Standardization of neuropsychological testing in research on NCF would increase the strength of this research, because outcome measures would be more comparable, permitting formal meta-analysis of neurocognitive data. Recent studies from the EORTC, NRG and other major research institutions have adopted a concise testing battery on several key domains for repeated evaluation of NCF in clinical studies of brain tumors. Further research on (pre-treatment) NCF in glioma patients should contain larger study samples with glioma patients that are not selected based on tumor location, type of surgery or tumor grade. Besides this, etiological research into tumor- and patient-related factors that cause neurocognitive dysfunction in these patients are needed.

For clinical purposes the role of a standardized neuropsychological assessment for the detection of cognitive deficits is well established. Our results underscore the need to pay specific attention to the domain of executive functioning. Detection of executive and other cognitive deficits can lead to optimal counselling of patients and their families, and initiation of specific therapy or training [41]. In addition, neuropsychological assessment may help to monitor cognitive function during awake surgery.
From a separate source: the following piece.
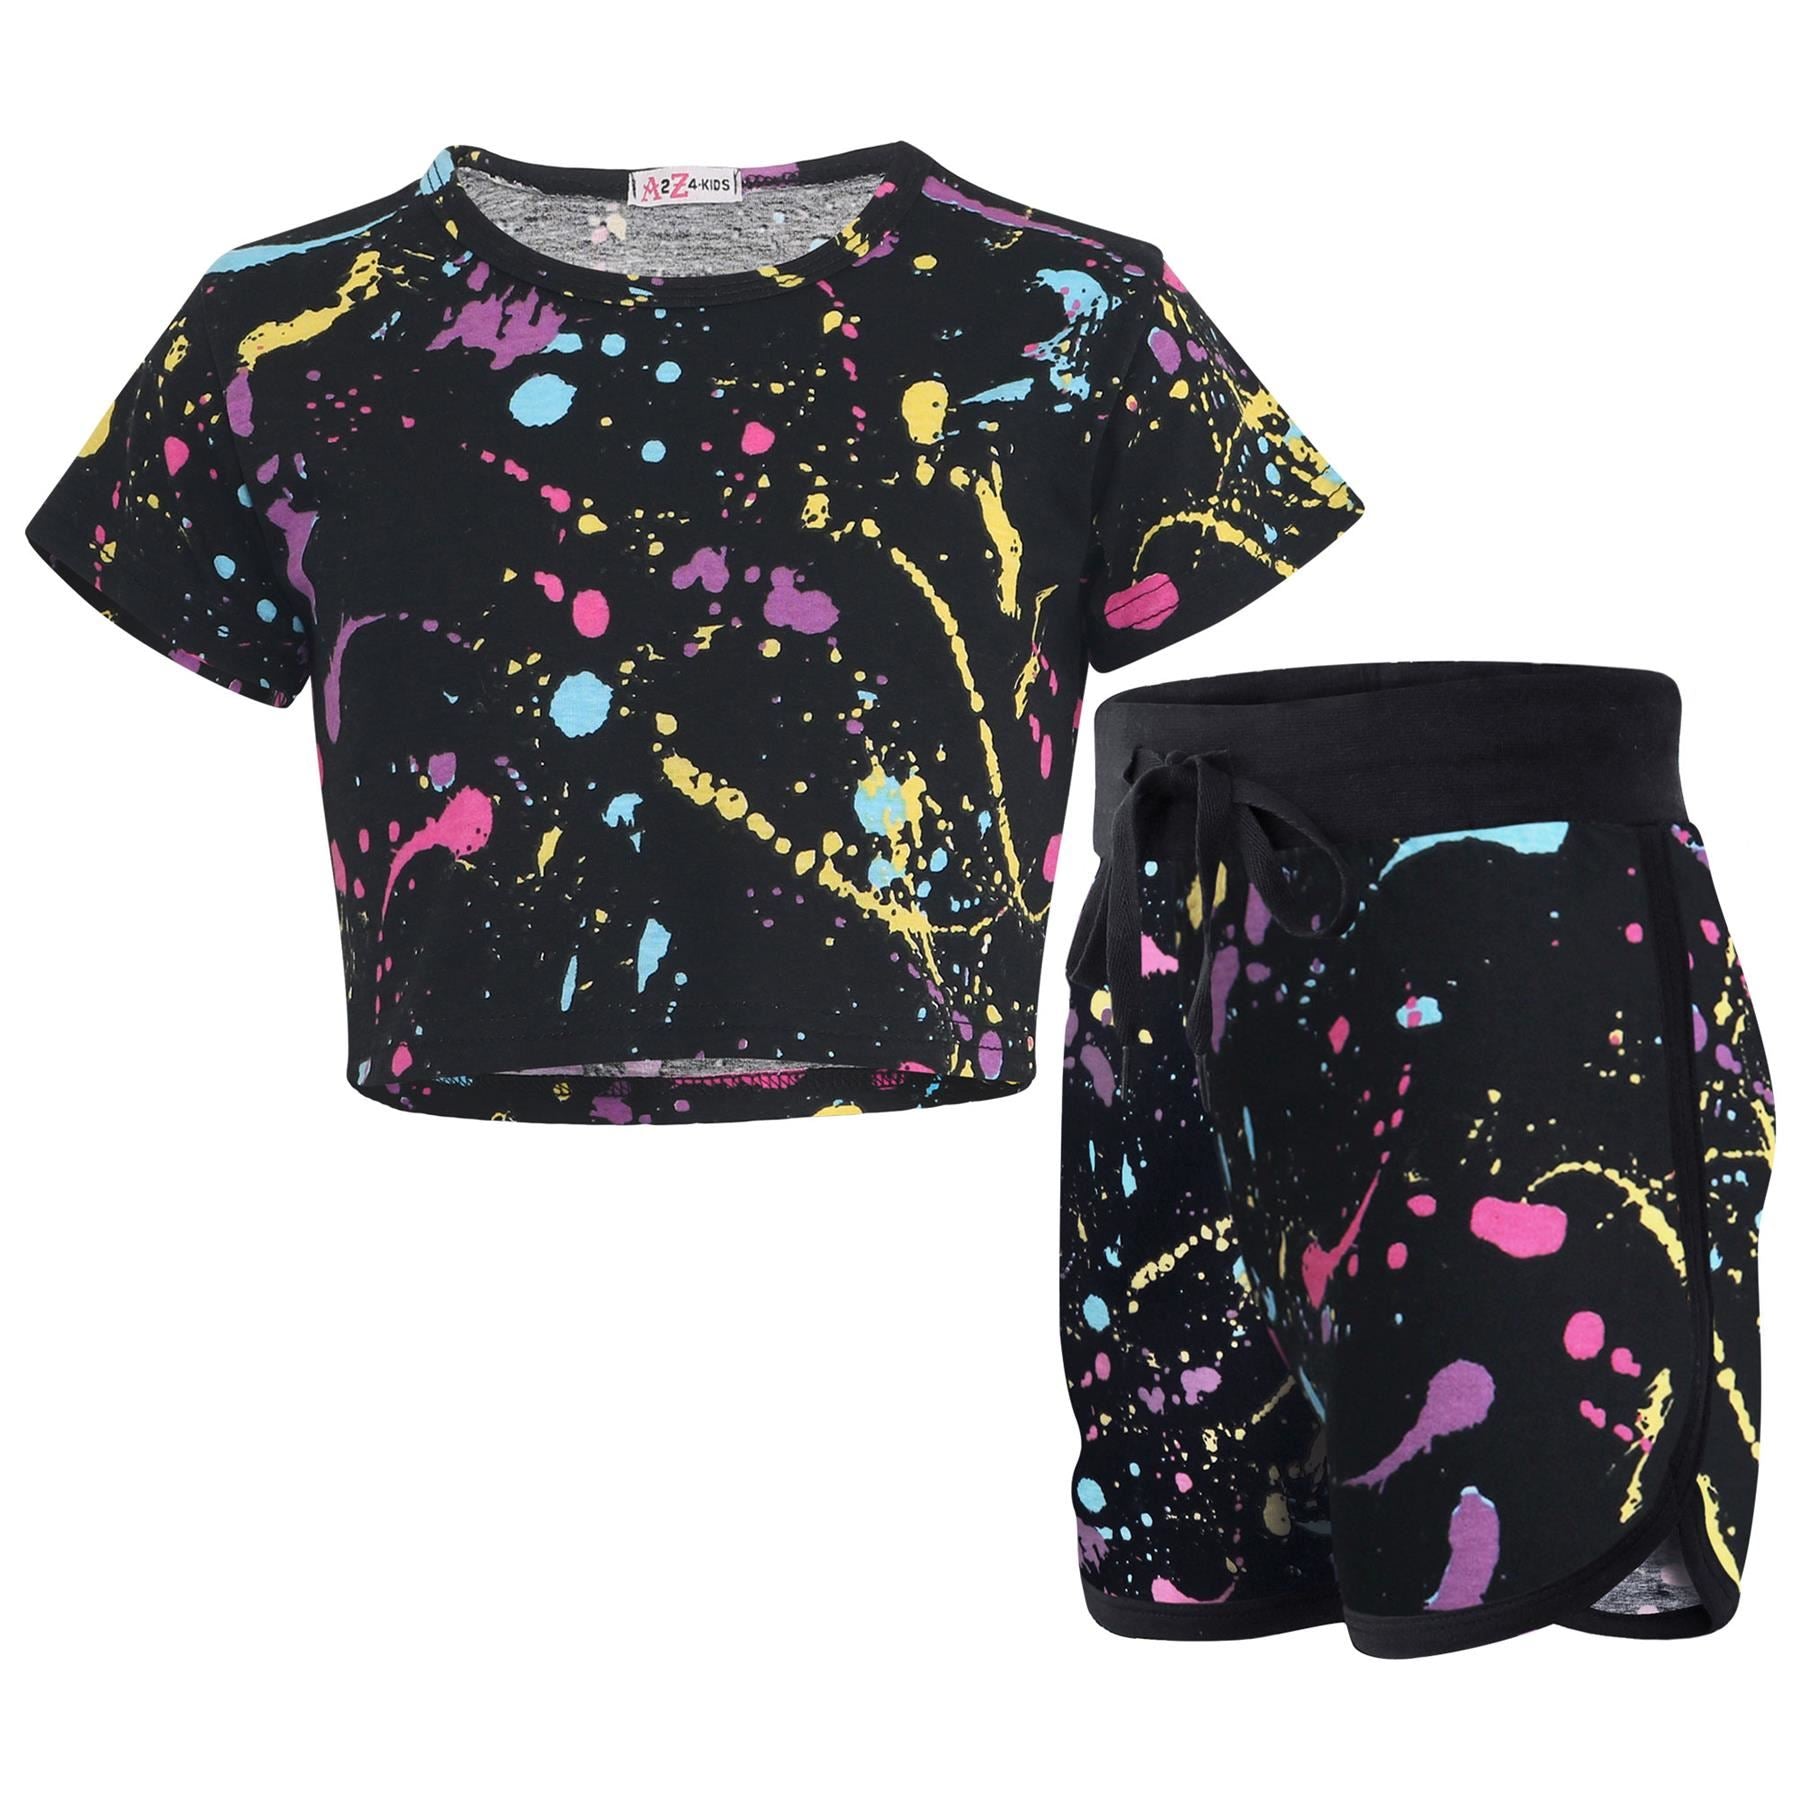 Girls Pastel Splash Print Summer Top & Hot Shorts Set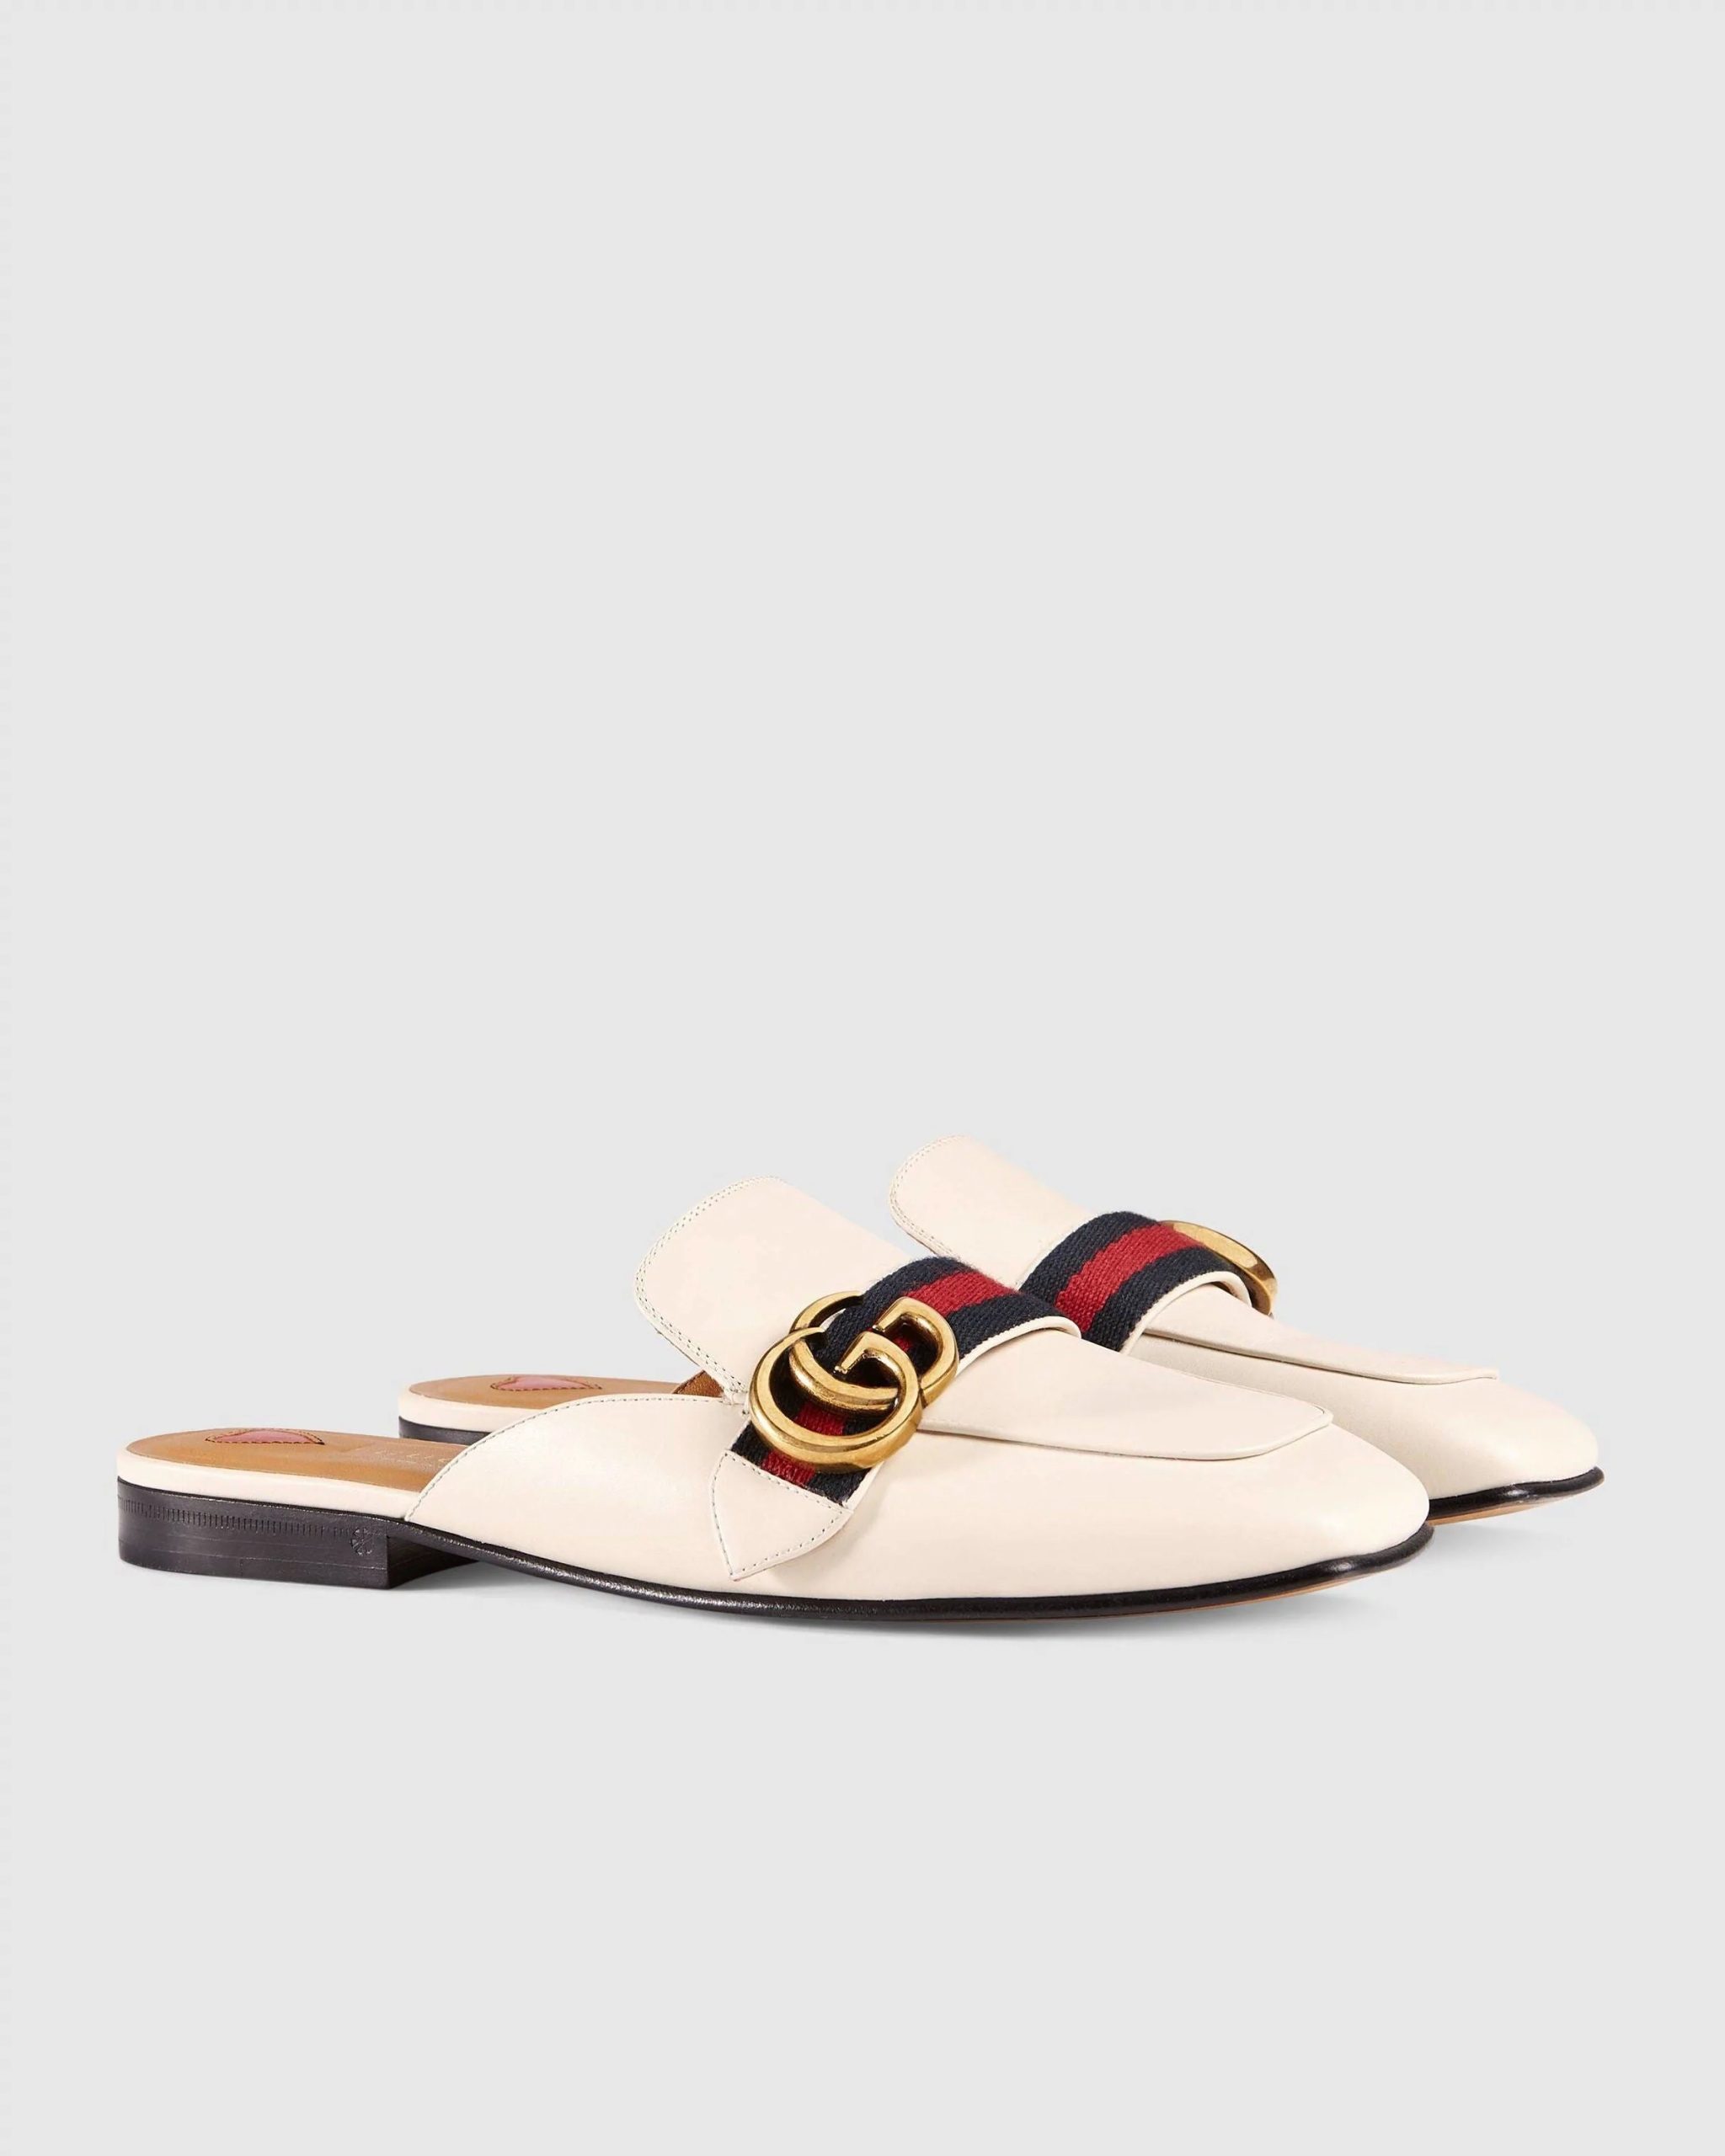 Gucci Leather Slipper, White

However, as previously outlined, it is still unclear which patient-, tumor-, and treatment-related factors play a role in the clinical course of these features; such knowledge is needed in order to develop clinical strategies to optimize cognitive outcome in glioma patients.

Conclusion

The literature about NCF in diffuse glioma patients prior to anti-tumor treatment is heterogeneous with regard to patient characteristics (glioma location and grade) and neuropsychological tests used in the different studies. Risk of bias is high, because of the small sample sizes and certain patient selection criteria. Based on the individual patient data, cognitive impairment occurs in more than half of all glioma patients prior to any anti-tumor treatment, across all main cognitive domains. Based on group analyses cognitive impairment appears to occur in the large majority of glioma patients prior to any anti-tumor treatment. These findings support the hypothesis that the tumor itself contributes significantly to NCF dysfunction in diffuse glioma. The variability in the occurrence of cognitive impairment in treatment-naive glioma patients remains largely unexplained. Research on the influence of tumor-related factors (e.g. localization, volume, grade, histology and molecular profile) is necessary in order to explain this variability. Deeper knowledge of the degree and origins of tumor-related cognitive dysfunction will likely facilitate the development of new strategies for treatment and rehabilitation. Furthermore, it is important to take the existence and extent of pre-treatment cognitive dysfunction into account in the research focusing on cognitive sequelae of treatments. In current clinical practice, adequate detection of cognitive dysfunction, especially in executive functioning, may guide the counseling and symptomatic treatment of patients.